Поразительный памятник этих настроений — некролог Евгению Замятину, напечатанный в «Возрождении» за 10 апреля 1937 года (№ 4072). Поэт-эмигрант ставит в заслугу советскому гражданину Замятину то, что тот, покинувший отечество, не общался с эмигрантами, не сотрудничал в их прессе и умер в нищете: «Его несчастье заключалось в том, что он не дожил до тех, быть может, уже недалеких дней, когда в советской России кончится лже-революционное мракобесие, с которым он боролся. Теперь, когда его уже нет, в самом СССР должны бы призвать к ответу тех „критиков“, которые выпихнули его за границу, лишив страну — честного человека, а литературу — талантливого работника». Ходасевич как будто проецировал судьбу Замятина на себя — десять лет назад, и завидовал его стойкости. Но он смотрел на ситуацию как будто «изнутри» советской литературы, что прежде было невозможно.
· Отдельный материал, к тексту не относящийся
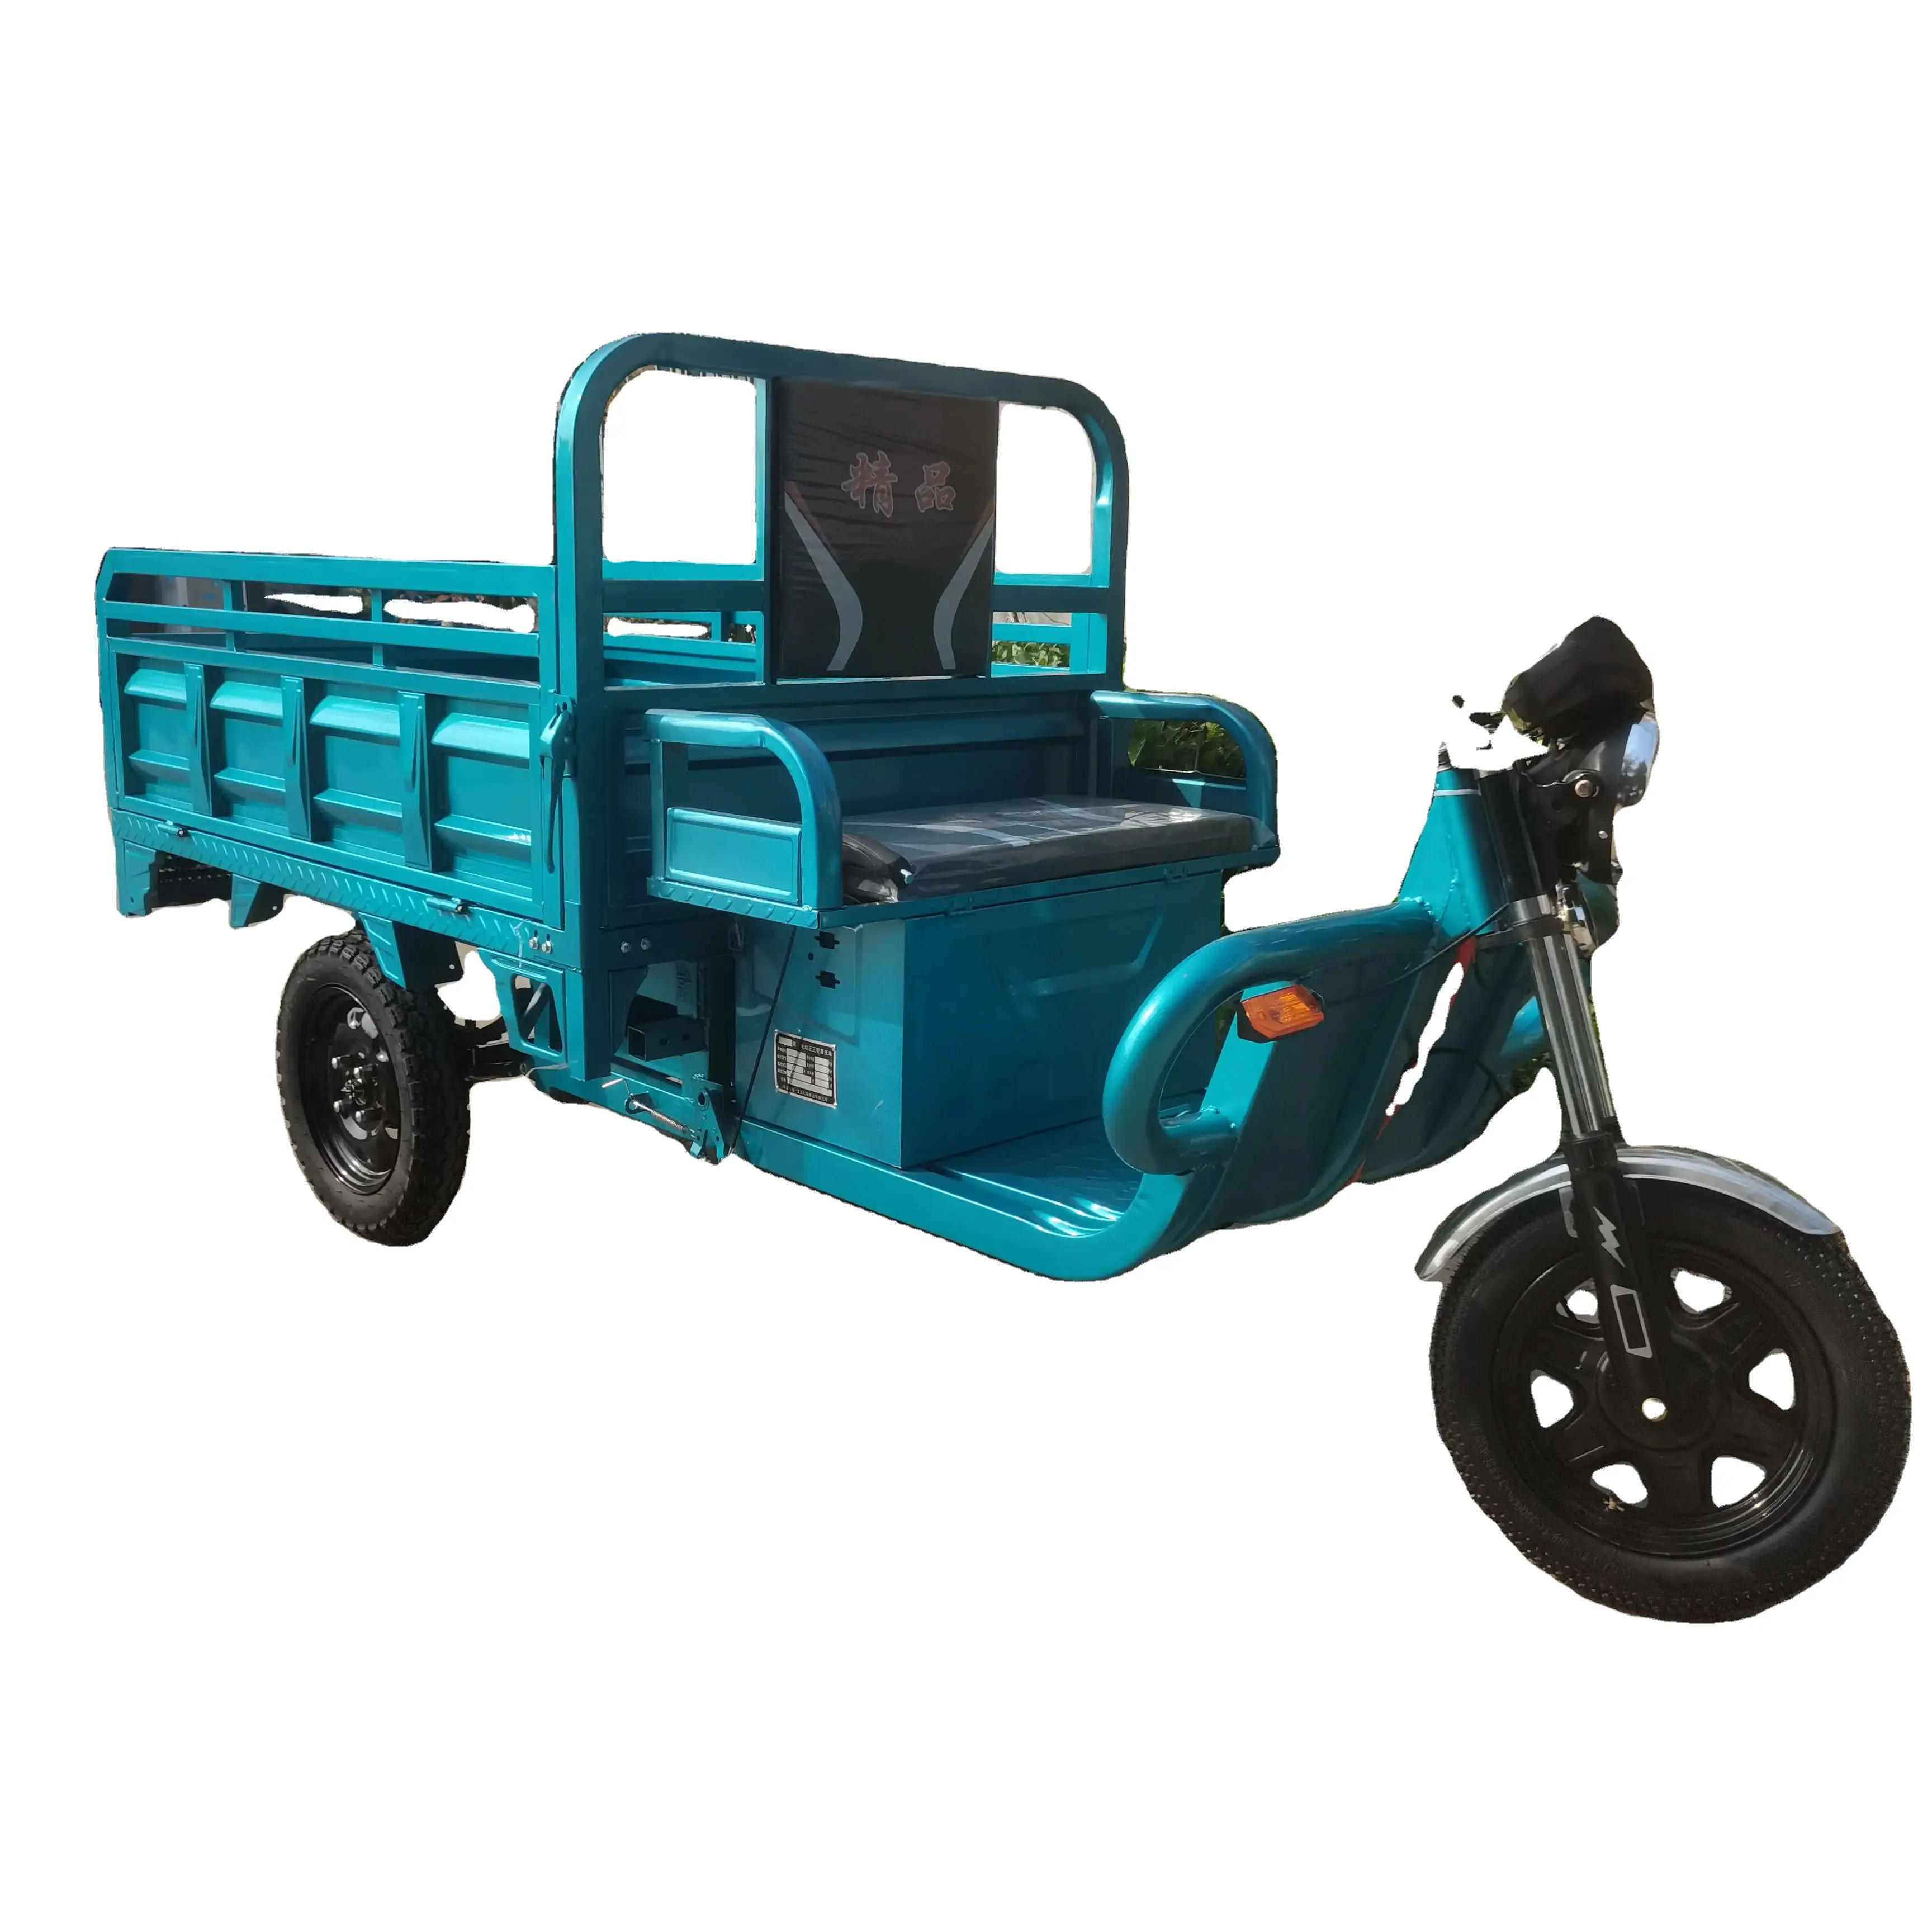 Triciclo de 3 ruedas del camión de la motocicleta eléctrica resistente de la capacidad de carga máxima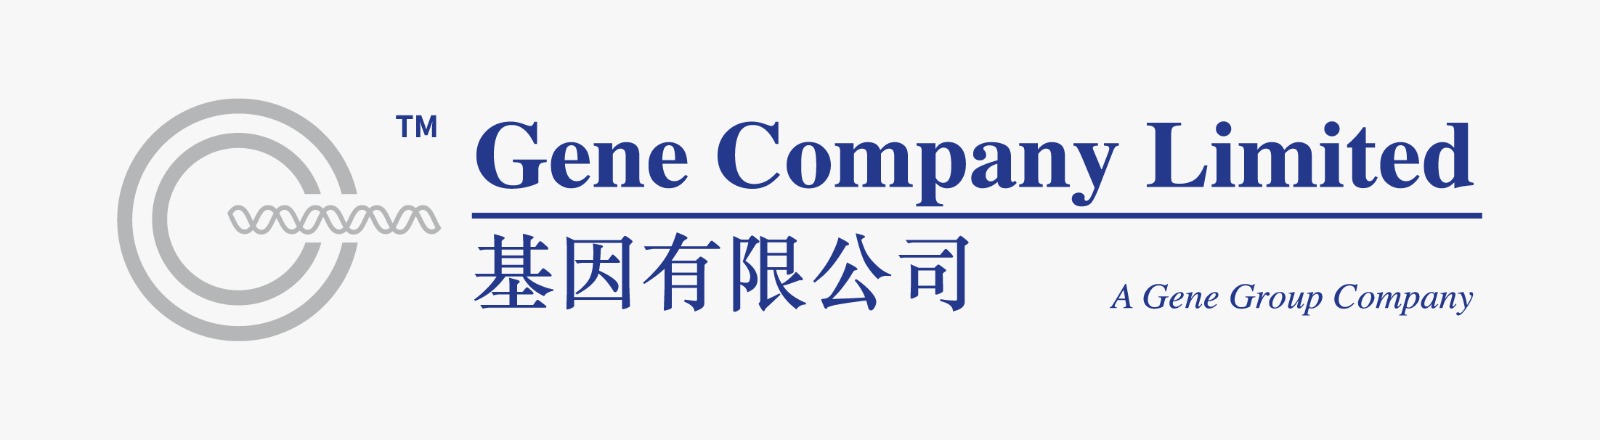 Gene Company logo

Не будем осуждать поэта, который издалека принял окончательное и кровавое торжество черно-красной сотни за предвестие ее поражения. Вскоре его иллюзии рухнули. Статья Ходасевича «О советской литературе» — мрачный постскриптум к десятилетним наблюдениям Гулливера: «За советской литературой становится невозможно „следить“, потому что следить в ней уже не за чем». В обществе, претендующем на достижение всеобщего счастья и всеведения, художнику места нет. «Кроме славословия, поскольку последний идеал еще не достигнут, советский писатель может заниматься „выкорчевыванием проклятого наследия“, исправлением „маленьких недостатков механизма“ и проклятиями по адресу „врагов народа“. Но и тут, всеведущий среди всеведущих, не может он сказать ничего нового, да и говорить, в сущности, не стоит, потому что заранее известно, и никто сомневаться не смеет, что наследие будет ликвидировано, недостатки исправлены, а троцкисты и бухаринцы расточатся, как полагается демонам» (Возрождение. 1938. 20 мая).
На первый взгляд — очередное полемическое преувеличение. Но в оценке основной тенденции развития советской литературы, возобладавшей к концу 1930-х, Ходасевич весьма проницателен: «Происходит скольжение с линии Пушкина, Гоголя, Толстого, Достоевского примерно на линию Надсона, Горького, беллетристов-народников, а там, глядишь, и Мамина-Сибиряка. Весь очеркизм, а за ним пресловутый социалистический реализм вышли из этого скольжения». В такой литературе делать ему было нечего.